I do not know if this belongs to this issue or a separate one needs to be made.
With the latest releases I now get a new , but similar go error in grafana:
In the logs I see the following related error:
logger=plugin.grafana-oncall-app t=2024-10-21T11:18:25.293508052Z level=error msg="Error getting user" error="failed to parse JSON response: json: cannot unmarshal object into Go value of type []plugin.OnCallPermission body={\"message\":\"Not found\"}\n"
Mon, Oct 21 2024 1:18:25 pm
logger=plugin.grafana-oncall-app t=2024-10-21T11:18:25.293526415Z level=error msg="Error validating oncall plugin settings" error="error setting up request headers: failed to parse JSON response: json: cannot unmarshal object into Go value of type []plugin.OnCallPermission body={\"message\":\"Not found\"}\n "
and in oncall i see the following error:
2024-10-21 11:30:02 source=engine:app google_trace_id=none logger=apps.auth_token.auth auth request user not found - missing valid X-Grafana-Context
Mon, Oct 21 2024 1:30:02 pm
@bpedersen2 thank you.
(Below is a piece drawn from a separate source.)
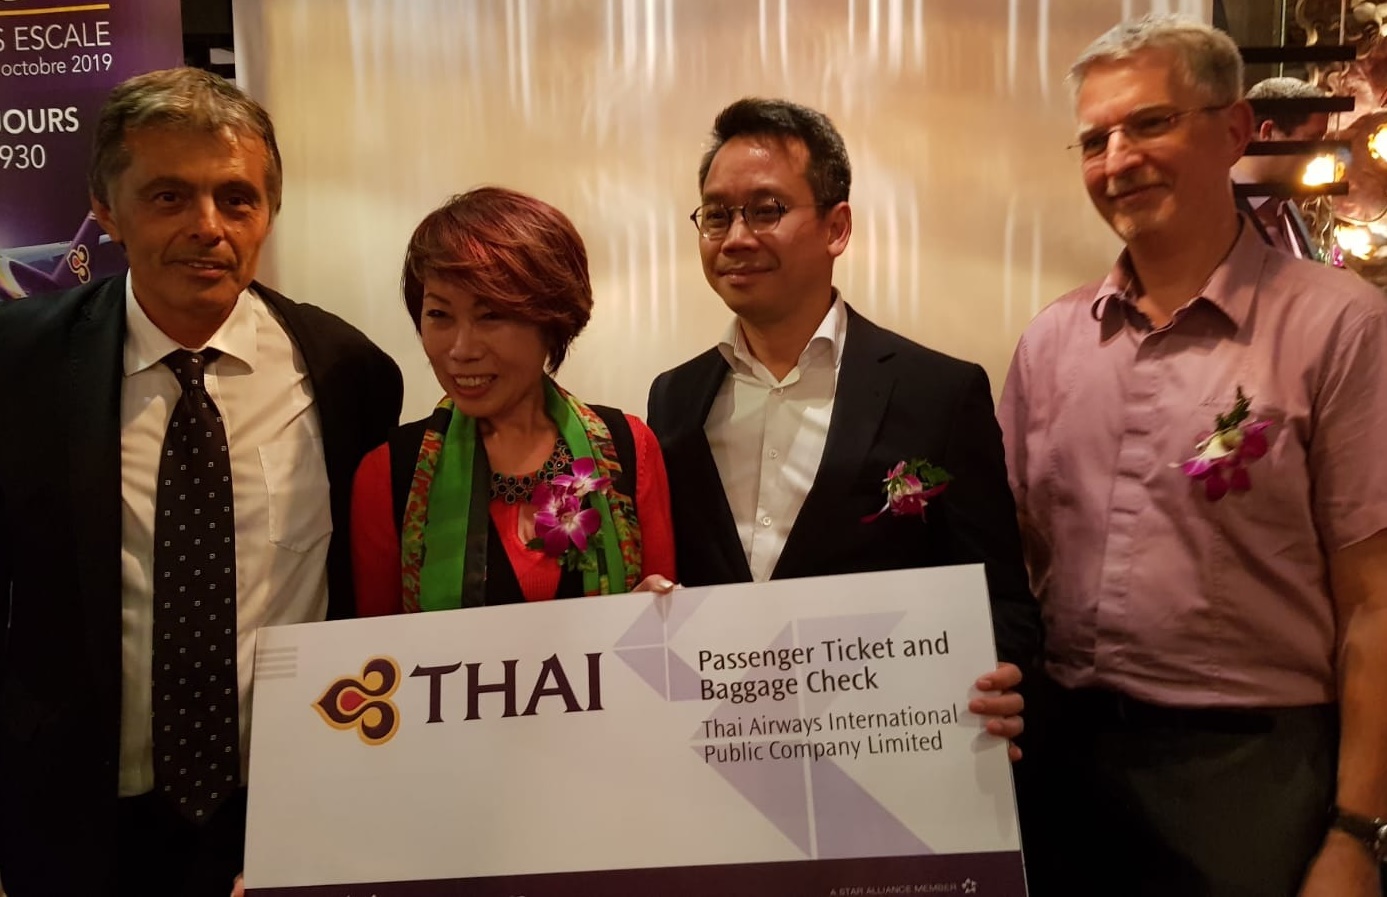 Noi Lunammachak a remporté un billet d'avion avec la Thai lors d'un tirage au sort - Photo CE

Are your errors when using a https
server? I have more success with http
.
My earlier answer is missing that to install the plugin correctly with the curl provisioning command I needed to use a service account token (the grafana admin account didn't work).
So for example:
curl -v -H "Authorization: Bearer glsa_xxyy" -X POST 'http://<IP>:3000/api/plugins/grafana-oncall-app/settings' -H "Content-Type: application/json" -d '{"enabled":true, "jsonData":{"stackId":5, "orgId":100, "onCallApiUrl":"http://localhost:8080/", "grafanaUrl":"http://<IP>:3000/"}}'
Followed with:
curl -v -H "Authorization: Bearer glsa_xxyy" -X POST 'http://<IP>:3000/api/plugins/grafana-oncall-app/resources/plugin/install'
Here glsa_xxyy
is your service account token.
However as mentioned earlier when setting up a grafana integration we get the " Failed to update AlertManager Config" & the earlier mentioned engine logs. The same error occurs on the grafana admin account. I am now searching for a way how to use that service account token during integration set-up.
I hoped setting in the docker_compose.yml
the SECRET_KEY
equal to the service account key, inspired by this post but no success.
SECRET_KEY : glsa_xxyy
In hindsight the problem seems actually not related to an access but a faulty call when setting up the grafana integration.
The external grafana server logs show:
Oct 23 00:15:07 imeasurements /usr/share/grafana/bin/grafana[3293851]: logger=context userId=59 orgId=1 uname=sa-1-extsvc-grafana-oncall-app t=2024-10-23T00:15:07.091134615+02:00 level=info msg="Request Completed" method=GET path=/api/plugins/grafana-incident-app/settings status=404 remote_addr=<IP> time_ms=17 duration=17.908058ms size=64 referer= handler=/api/plugins/:pluginId/settings status_source=server
Oct 23 00:15:07 imeasurements /usr/share/grafana/bin/grafana[3293851]: logger=plugin.grafana-oncall-app t=2024-10-23T00:15:07.092111659+02:00 level=error msg="getting incident plugin settings" error="request did not return 200: 404"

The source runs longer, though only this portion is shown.